Leer aforismos

 


 

Jimy Ruiz Vega.- La lectura de aforismos tiene como condición previa la aceptación tácita de que tiene sentido algo cuya tarea primordial es completar lo que queda dicho. Al menos esa es la actitud genuina de sus lectores, a la que se añade su fascinación por lo escueto, por lo mucho que es capaz de expandir la brevedad de lo que se presenta ante sus ojos. Pero también, su hondura, la que se encuentra implícita en el texto y convierte lo escrito en un terreno propicio para la iluminación, la perplejidad y el asombro, con la idea de encender nuestro interés por lo que transcurre en el texto y lo que revela de extraordinario e insólito.
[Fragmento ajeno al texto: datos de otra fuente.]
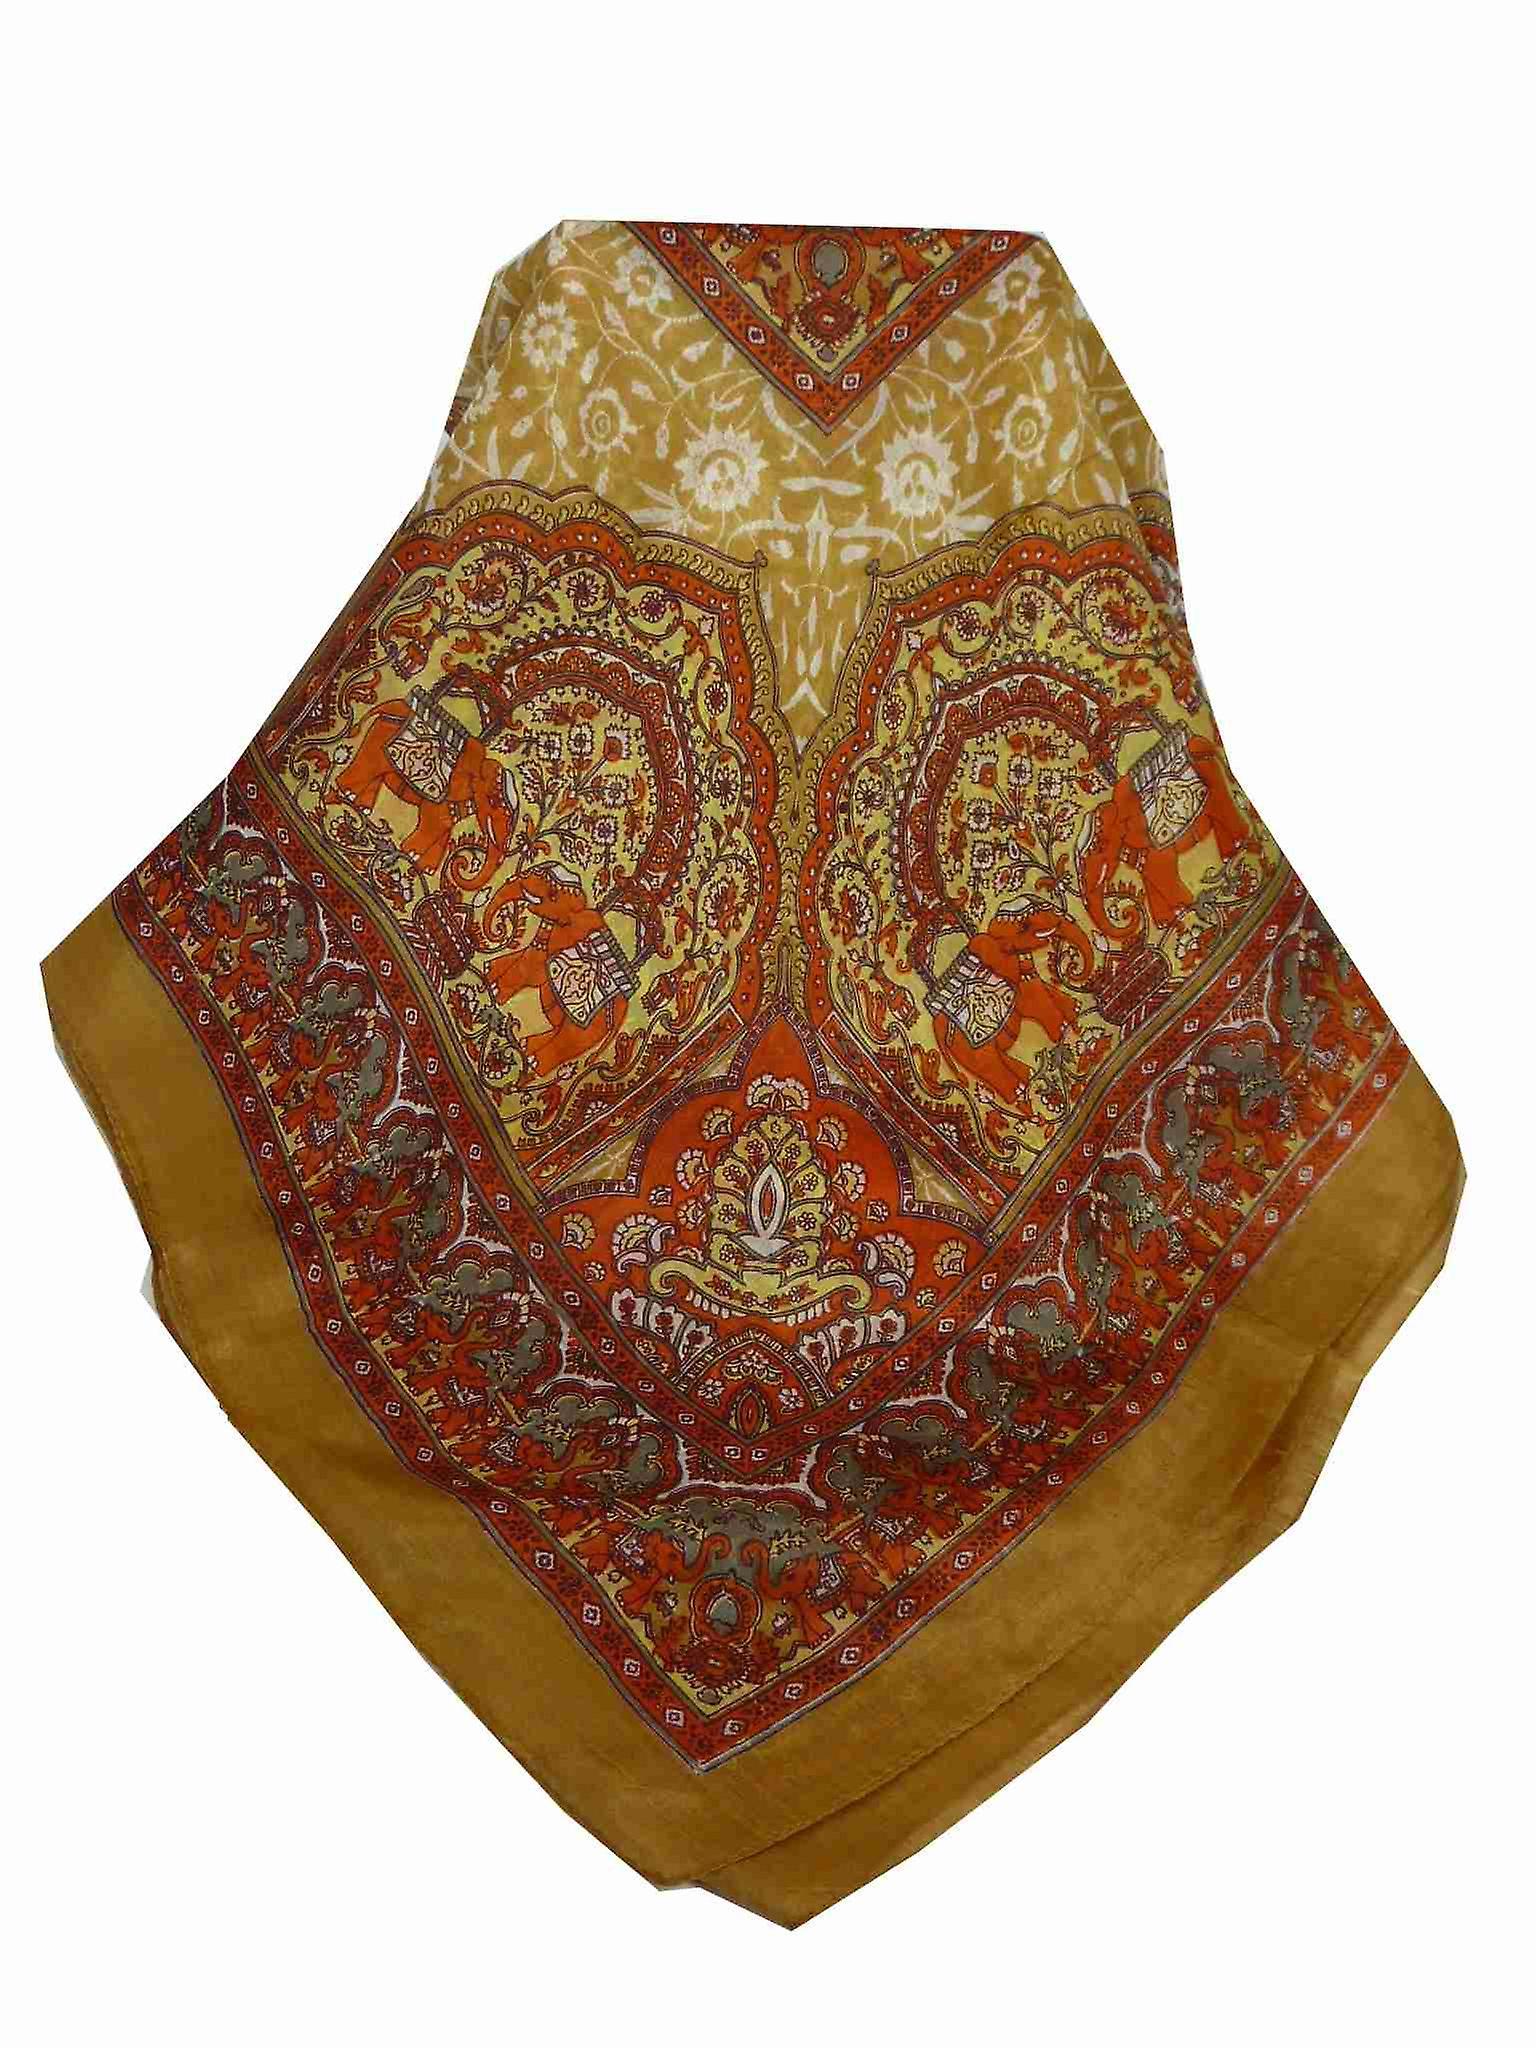 Mulberry Silk Traditional Square Scarf Ravali Caramel & Terracotta by Pashmina & Silk

Bien es cierto que en la propia esencia del aforismo existe una inexorable voluntad de verdad, de concisa y desnuda verdad, sutil y provocadora que, curiosamente se despliega por los mismos linderos de la poesía. El aforismo y la poesía se parecen en lo que tienen de epifanía, en su condensación, en el límite de su expresión, en esa suerte de lenguaje en busca de un resplandor o revelación. Hay un nexo compositivo parecido. De ahí que el aforismo surja con tanta naturalidad en las manos del poeta como un verso suelto. Muchas veces, podemos encontrar más poesía en dos o tres aforismos que en un largo poema. En esa analogía podemos situar al poeta como escritor en la frontera del aforismo, algo que ya intuía Borges en esta sentencia: “El poeta no construye enunciados sobre la realidad, sino que construye la realidad por medio de enunciados”.